Even before Game 6 tipped off, it seemed like Wednesday was going to be A Stephen Jackson Night. With his San Antonio Spurs facing elimination at the hands of the Oklahoma City Thunder, the man who once legendarily claimed to "make love to pressure" capped a pregame TNT interview with a confident jaw-jut/bobblehead-nod combo that'd make Kobe Bryant jealous, clearly eager for the moment as he headed back to warm up. Then he came out and started raining.
Captain Jack came off the San Antonio bench to coolly knock down four first-half 3-pointers, informing the TNT broadcast team that the Spurs weren't going anywhere, showcasing a Cheshire cat grin after finding the bottom of the net and telling anyone who'd listen how much fun he was having as he helped pace San Antonio to a 15-point halftime lead. Of course, as you know, all of it — that dominant moment, that 15-point lead, that grin — disappeared in what seemed like the blink of an eye.
OKC opened the second half with an 11-2 run to get within six at the 7:48 mark of the third quarter, followed that with a 19-12 spurt to take a lead with 1:39 left, and went into the fourth down just one point. From there, Scott Brooks' squad stormed to a 107-99 win, a 4-2 series victory, an NBA finals berth and perhaps the dawn of a new era of greatness.
Jackson was stellar in defeat, finishing with 23 points on just seven shots in 32 minutes. But in perhaps the cruelest irony for Spurs fans, the same thing that made them laugh early made them cry late — with San Antonio down 103-99 and in desperate need of a basket with 43 seconds remaining, Stack teed another one up from long range ... and came away with his first, and only, miss of the night.
After the game, Jackson held court with members of the media on the floor of the visiting locker room.
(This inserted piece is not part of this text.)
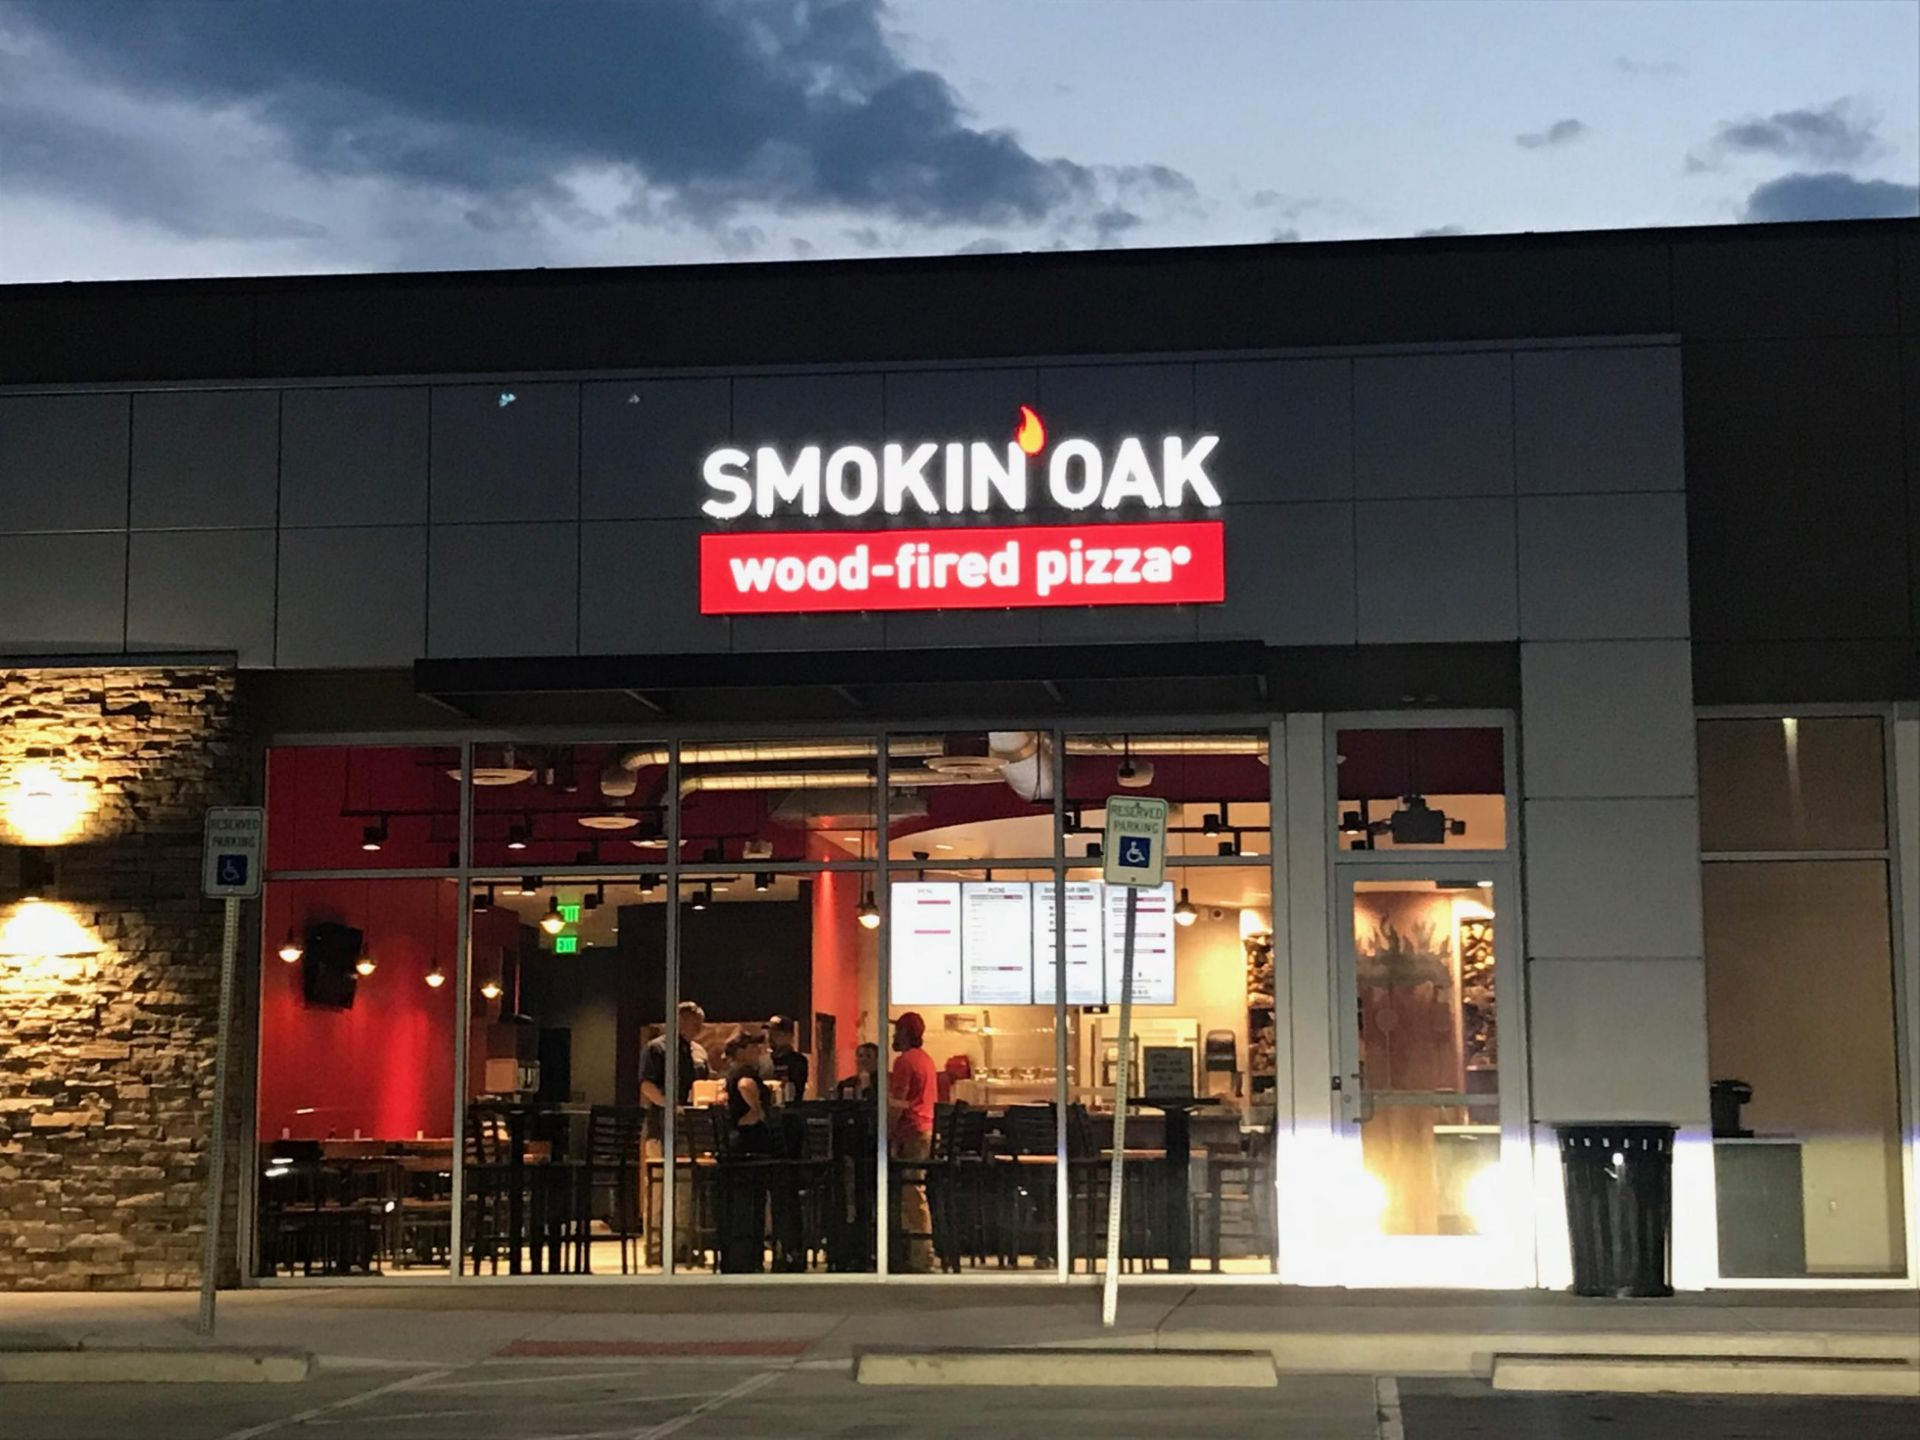 Smokin' Oak Wood-Fired Pizza Firing Up Second Colorado Location
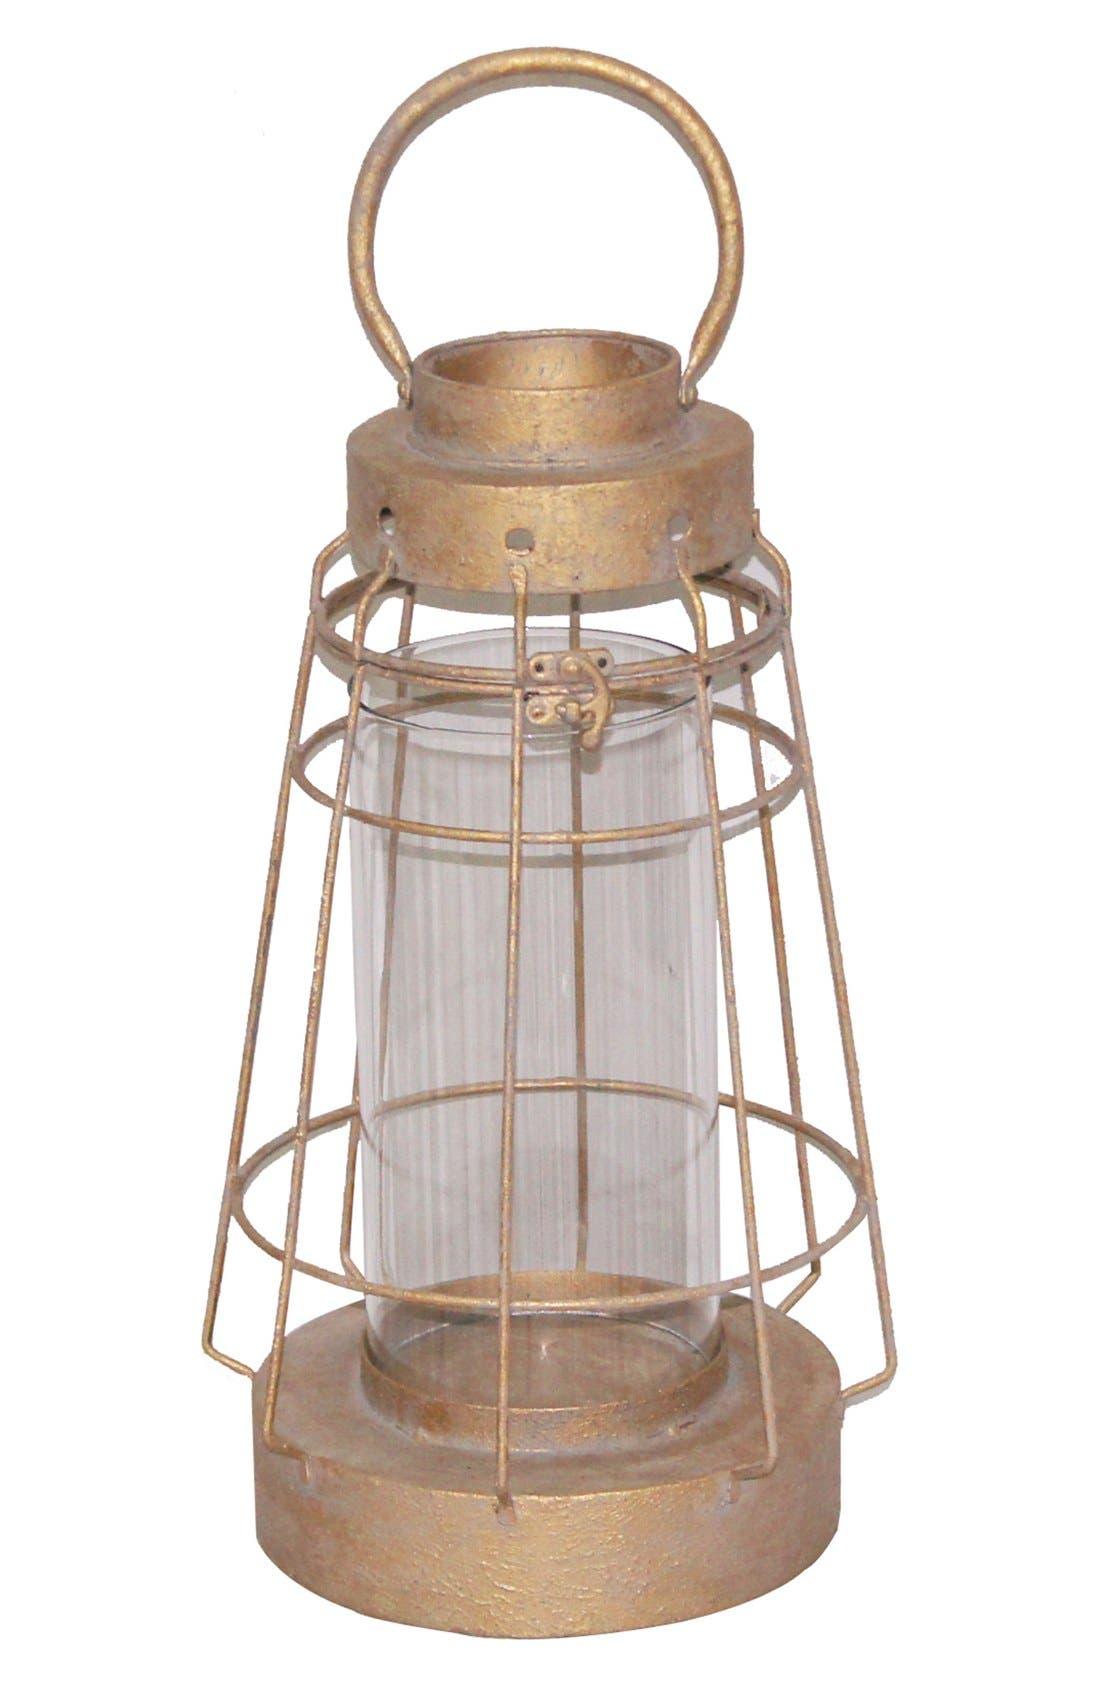 Alternate Image 1 Selected - Creative Co-Op Wood & Metal Lantern Candle Holder

There, he offered a succinct, accurate and quintessentially Jack description analysis of the evening's proceedings. From ESPN.com's Marc Stein:
"It sucks," Jackson said after the media crowd around him dispersed, not quite believing that his near-perfect evening didn't do more to stop the young-no-more Thunder from closing out the Western Conference finals.
"But those mother------s," Jackson quickly conceded, "were just better than us."
I'm betting you can fill in those blanks without my help.
It's not the most flowery prose, but it's a pretty spot-on characterization. The Thunder turned in an offensive performance for the ages in this series, scoring an average of 110.4 points per 100 possessions — more than a point per possession better than their already stellar, second-best-in-the-NBA regular-season mark — during the six-game series win, according to NBA.com's statistical tool.
That mark — which included a sterling 57.2 percent True Shooting percentage, which measures shooting efficiency and takes into account field goals, 3-pointers and free throws (league average this season: 52.7 percent) and an even more ridiculous 61.6 percent TS% in second halves of games (thanks, ESPN.com's Zach Harper) — against a team that had not only won 18 straight games coming into the Western Conference finals, but had held the Utah Jazz and Los Angeles Clippers (lesser competition, to be sure, but still very efficient regular-season offenses) to just 95.3 points per 100 possessions in two postseason sweeps.
The numbers get even sicker if you look at just the last four games, which the Thunder swept after falling into an 0-2 hole to start the series. In putting the Spurs away, Oklahoma City averaged a scorching 112 points per 100 possessions on offense turning up the heat on , plus holding a Spurs offense that had been producing at a historically high rate over the course of its 20-game winning streak, to just 102.6-per-100. Over the course of the regular season, would have came in a tick below the scoring rate of the New Jersey Nets, who were not exactly an offensive juggernaut; they finished with the eighth-worst offense in the league, according to Basketball-Reference.com. Heading into this series, I didn't see how the Thunder would be able to slow that league-best San Antonio offense enough to outscore them four times. I was wrong; the Thunder did it by packing the paint, taking away Tony Parker's penetrate-and-kick game, working their tails off on pick-and-rolls, closing out hard on ball swings and making the Spurs' "don't think, just shoot" role players have to take an extra beat rather than simply firing. It was brilliant to watch.
The Oklahoma City Thunder were fantastic on both ends of the floor over the past four games, and that's why they're going to the NBA finals. Those mother------s were just better than the Spurs. Captain Jack recognizes real when he sees it; now, the whole basketball-watching world does, too.